Consequently, excellent correlations between the increase of normalized oversized particle with RMS roughness and the scratch density were established (Fig. 9). In both figures, points near the origin correspond to slurries circulated by centrifugal pumps that have less effect of pump-induced particle agglomeration and less defectivity during the polishing. Points far off from the origin correspond to slurries circulated by positive displacement pumps that have more oversized particles and surface defectivity.

9. There is excellent correlation between the increase of normalized oversized particles with scratch density and root mean square (RMS) roughness.

Conclusion

Positive displacement pumps (bellows and a diaphragm) cause significant agglomeration (oversized particles) in low-k slurries.

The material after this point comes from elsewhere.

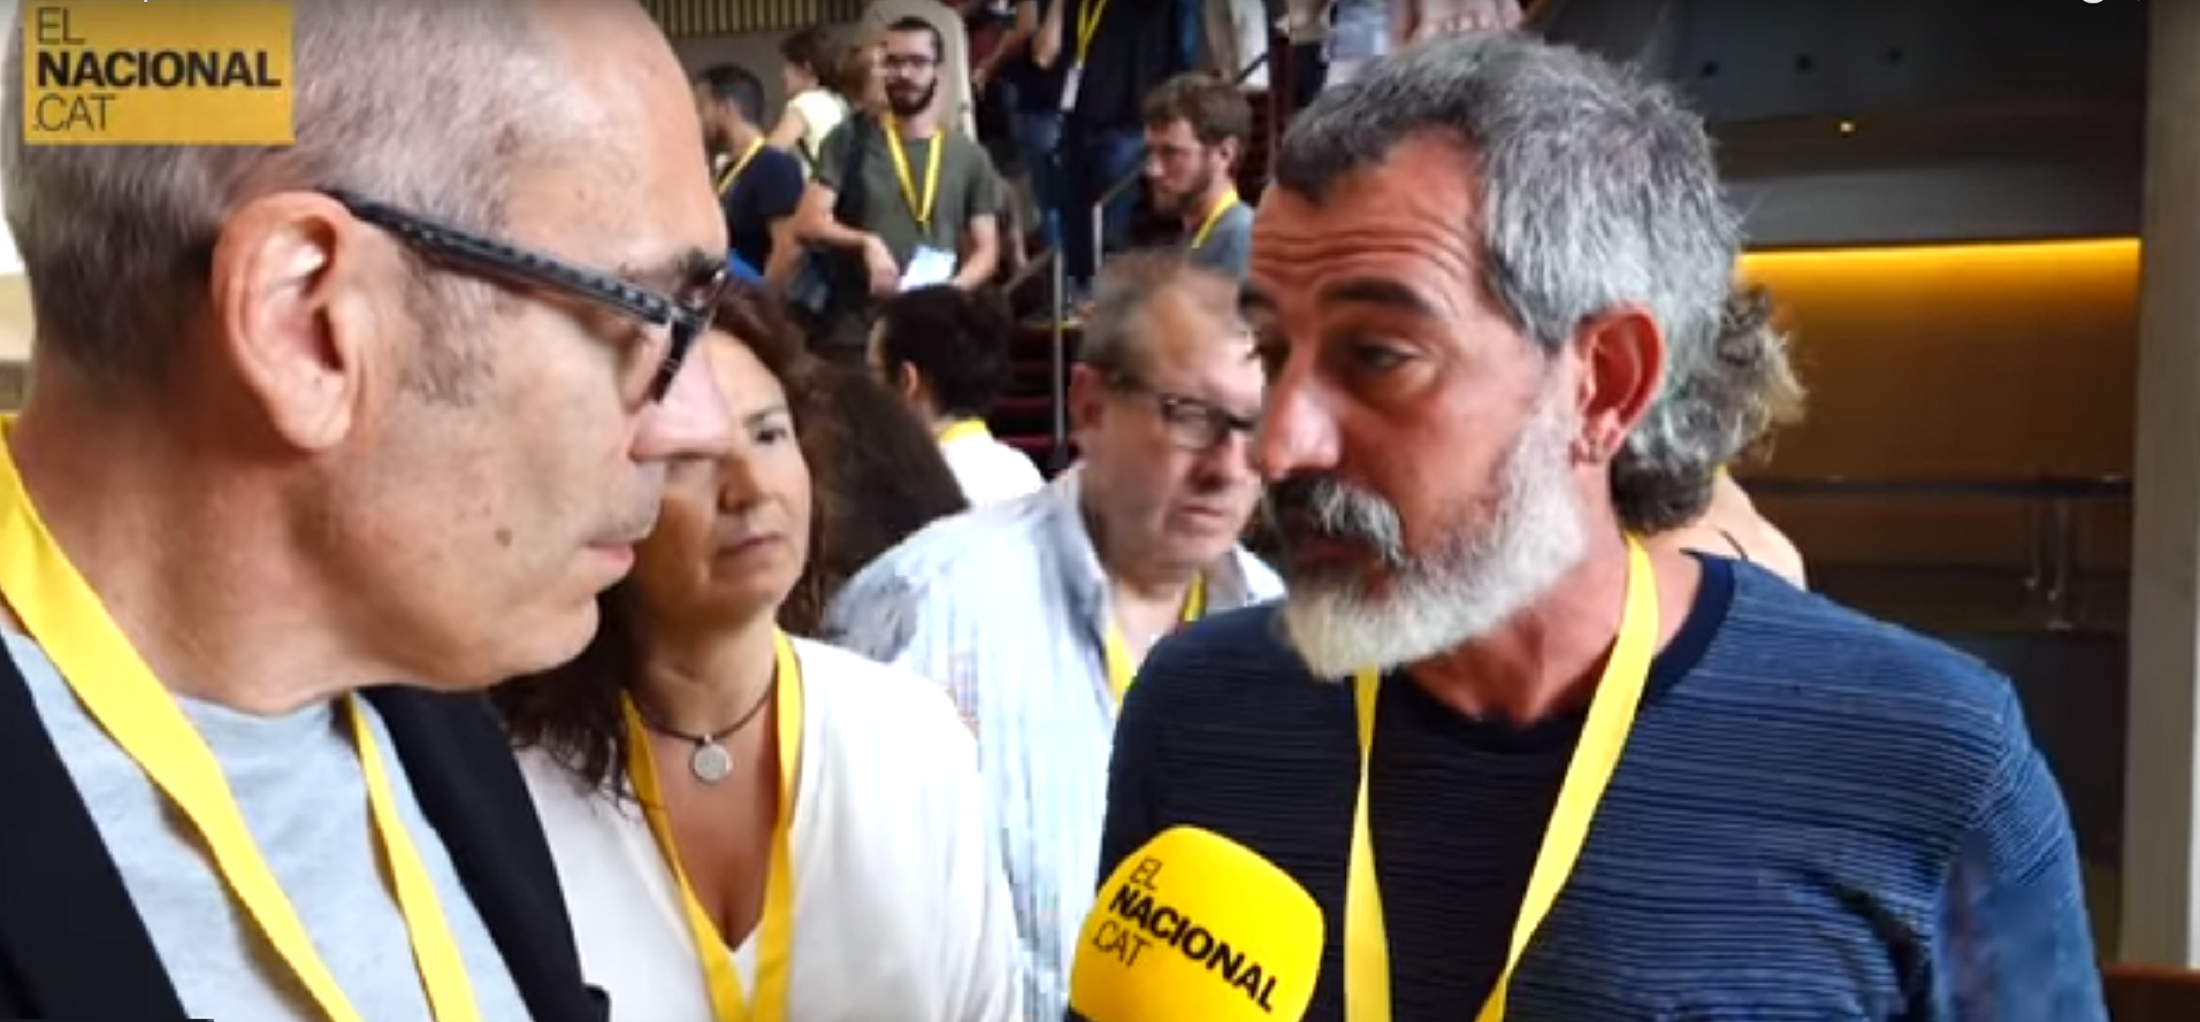 VÍDEO: L'Iu-tuber entrevista en exclusiva al líder de la candidatura alternativa en el PDeCAT

The magnitude of pump-induced slurry agglomeration depends on the shear stress and chemical nature of the slurry. The normalized oversized particle distributions show that the maglev centrifugal pump caused less shear flow and did not show any significant particle agglomeration in low-k slurries.

The slow aggregation model demonstrated the stress effect on particle agglomeration and had an excellent agreement with the experimental data. Based on our simulated model and experimental results, the average shear stress in a positive displacement pump is ~100× higher than that of a maglev centrifugal pump. High shear flow generated by positive displacement pumps increased the distribution of oversized particles, leading to significantly increased surface defectivity (scratches or roughness) during CMP, whereas less defectivity was found in slurries circulated by centrifugal pumps. Excellent correlation was established between the roughness/defect density and the degree of agglomeration.